The indictment alleged that on or about July 9, 1973, the accused transported an automobile stolen from his employer, Kemper Buick in Buffalo, Minnesota, to Forsythe, Montana. The defendant stipulated that he had driven the automobile in question across the state line. The only real question at trial was whether the automobile was stolen or whether the accused had, or believed he had, permission to use it. Witnesses for the government testified that Jacobson told them he was using the car with the permission of its owner. An F.B.I. agent testified that after he was apprehended, Jacobson had told him he had stolen the car; however, another agent present during Jacobson’s interrogation testified for the defense that he could not remember the accused admitting that he stole the car. The owner of the car did not testify at trial.

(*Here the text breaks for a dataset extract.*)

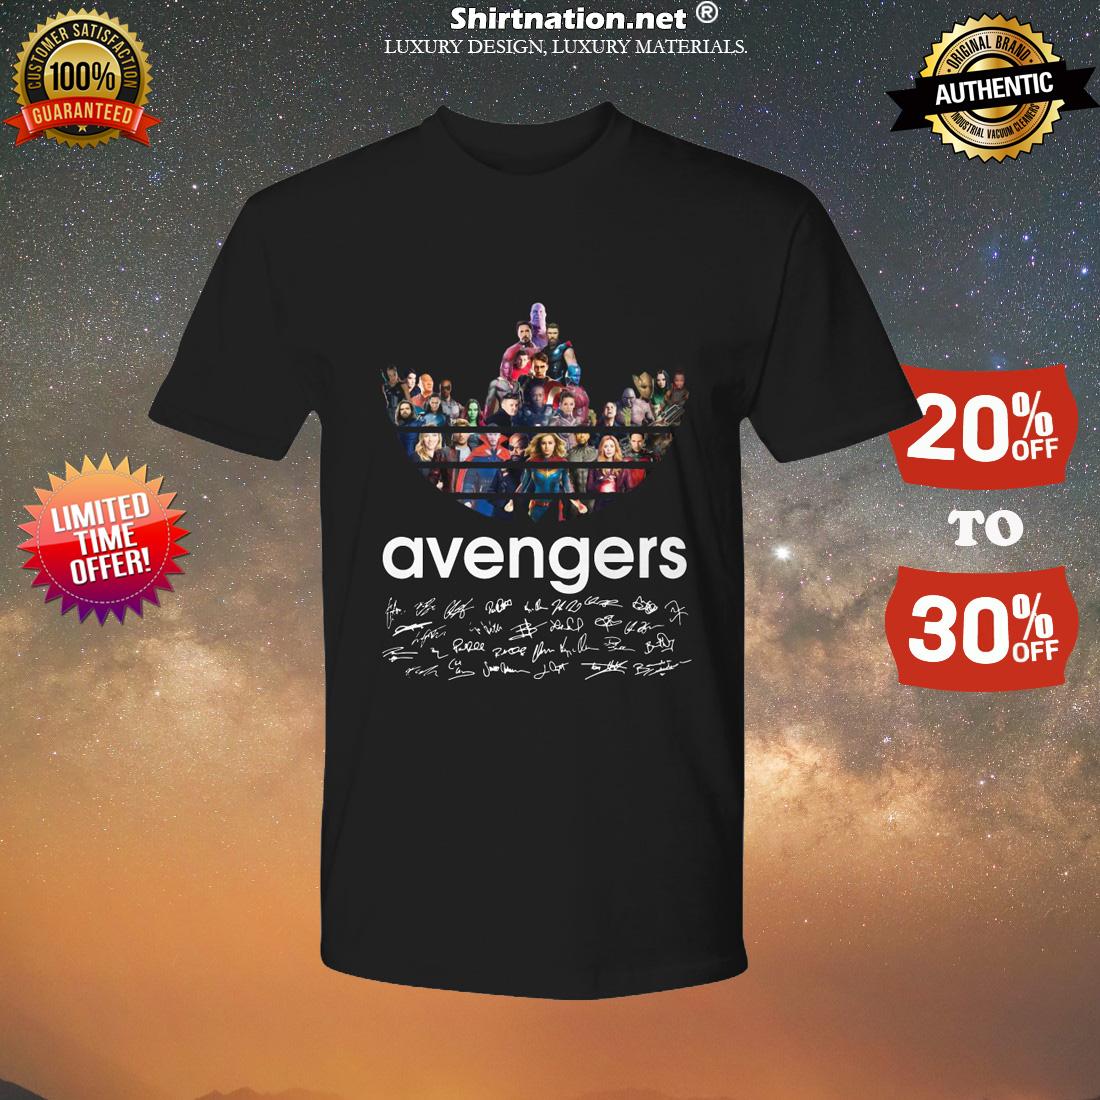 Adidas Avengers Signatures shirt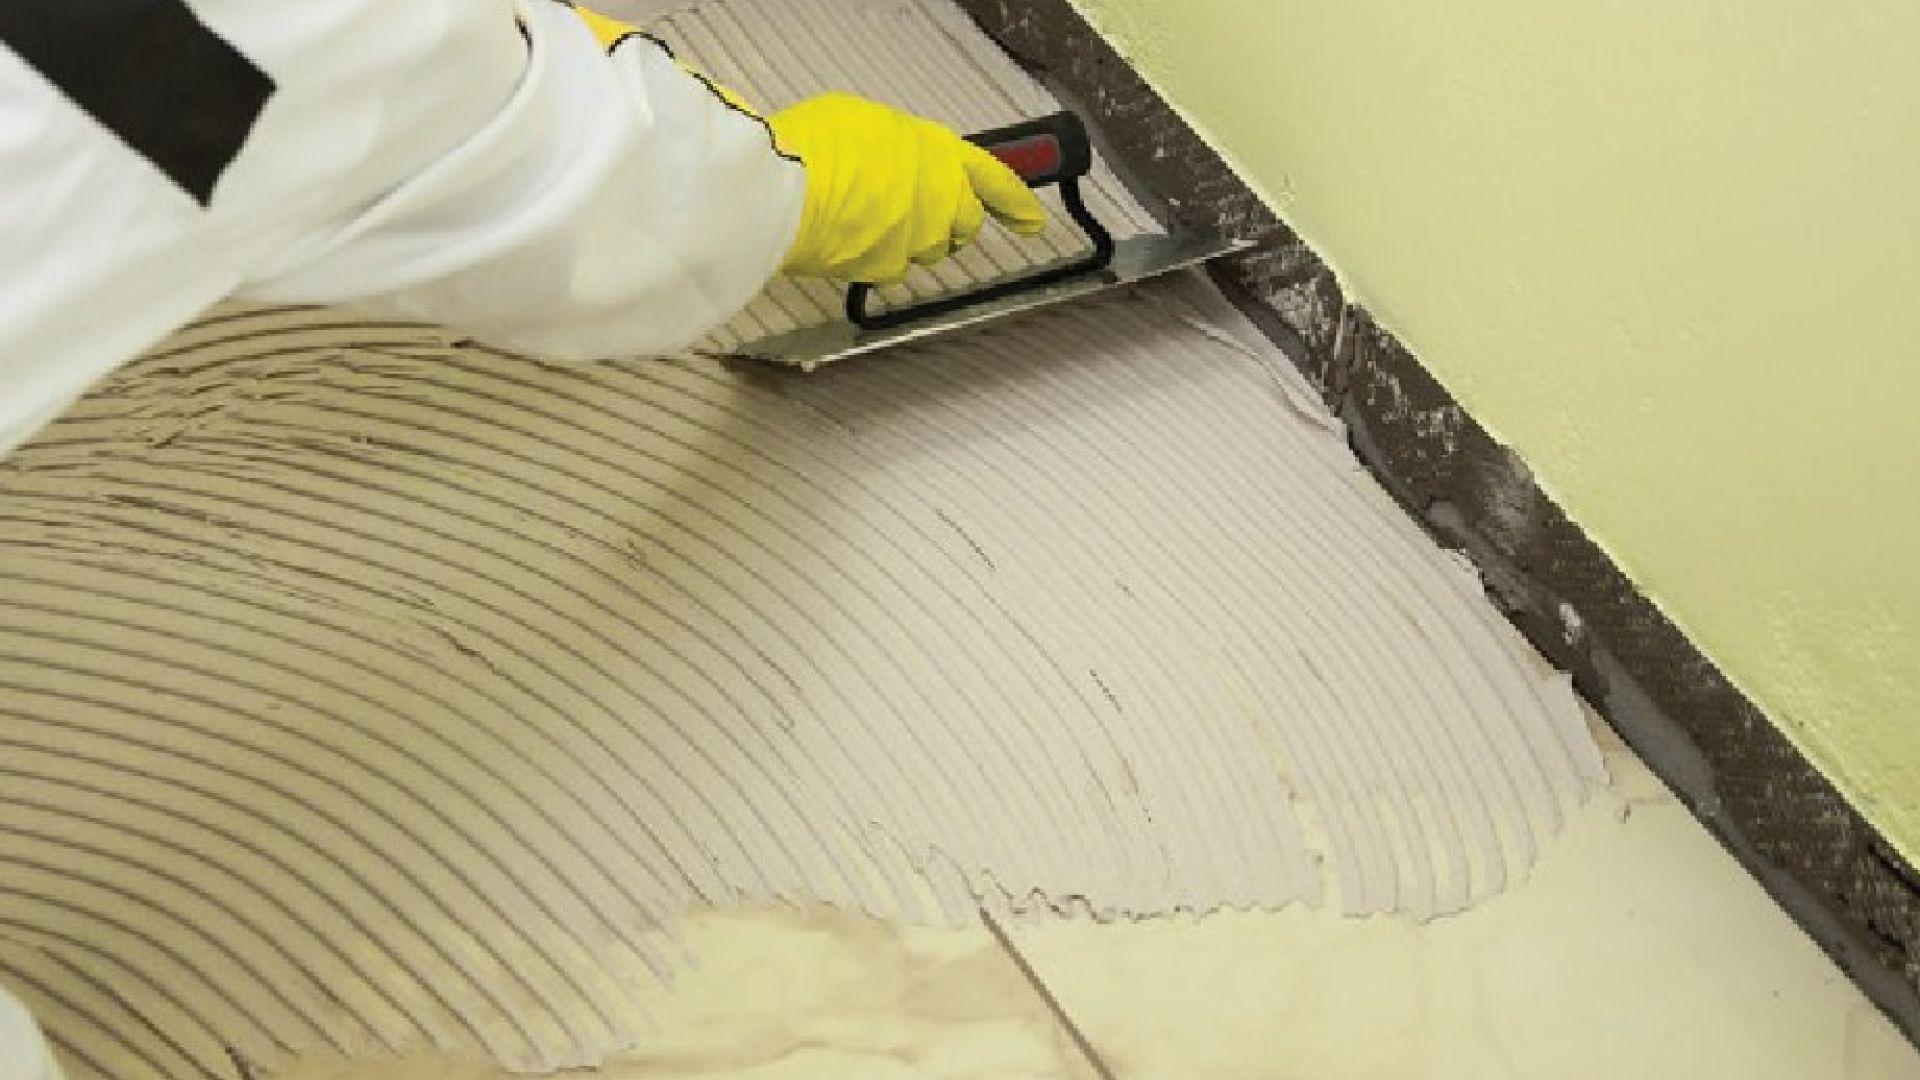 use tile adhesive to lay tiles

One of the exhibits to which Jacobson objects is an “auto theft report” prepared by the sheriff of Wright County, Minnesota. The report, which was objected to at trial, indicates that the car in question was reported stolen by Kemper Buick, that Jacobson was considered a suspect and that he was probably headed for Wichita. The form also indicated that no one had been given permission to use the car by the owner. No instruction was given to the jury to limit the purpose for which the report could be considered. We hold that this report contained inadmissible hearsay. United States v. Wyatt, 437 F.2d 1168, 1170 (7th Cir. 1971); United States v. Burruss, 418 F.2d 677, 678-679 (4th Cir. 1969); United States v. Shiver, 414 F.2d 461, 463 (5th Cir. 1969); United States v. Graham, 391 F.2d 439, 448 (6th Cir.), cert. denied, 393 U.S. 941, 89 S.Ct. 307, 21 L.Ed.2d 278 (1968). The jury may have considered the theft report as proof that the accused did not have Kemper Buick’s permission to use the car, but had stolen it. Under the facts of this case, where the only contested issue was whether the car was stolen, there was conflicting evidence on the issue, where the owner himself did not testify and where the hearsay evidence was admitted without any instruction to guide the jury’s con *1173 sideration thereof, we are not convinced that the error was not prejudicial to the defendant.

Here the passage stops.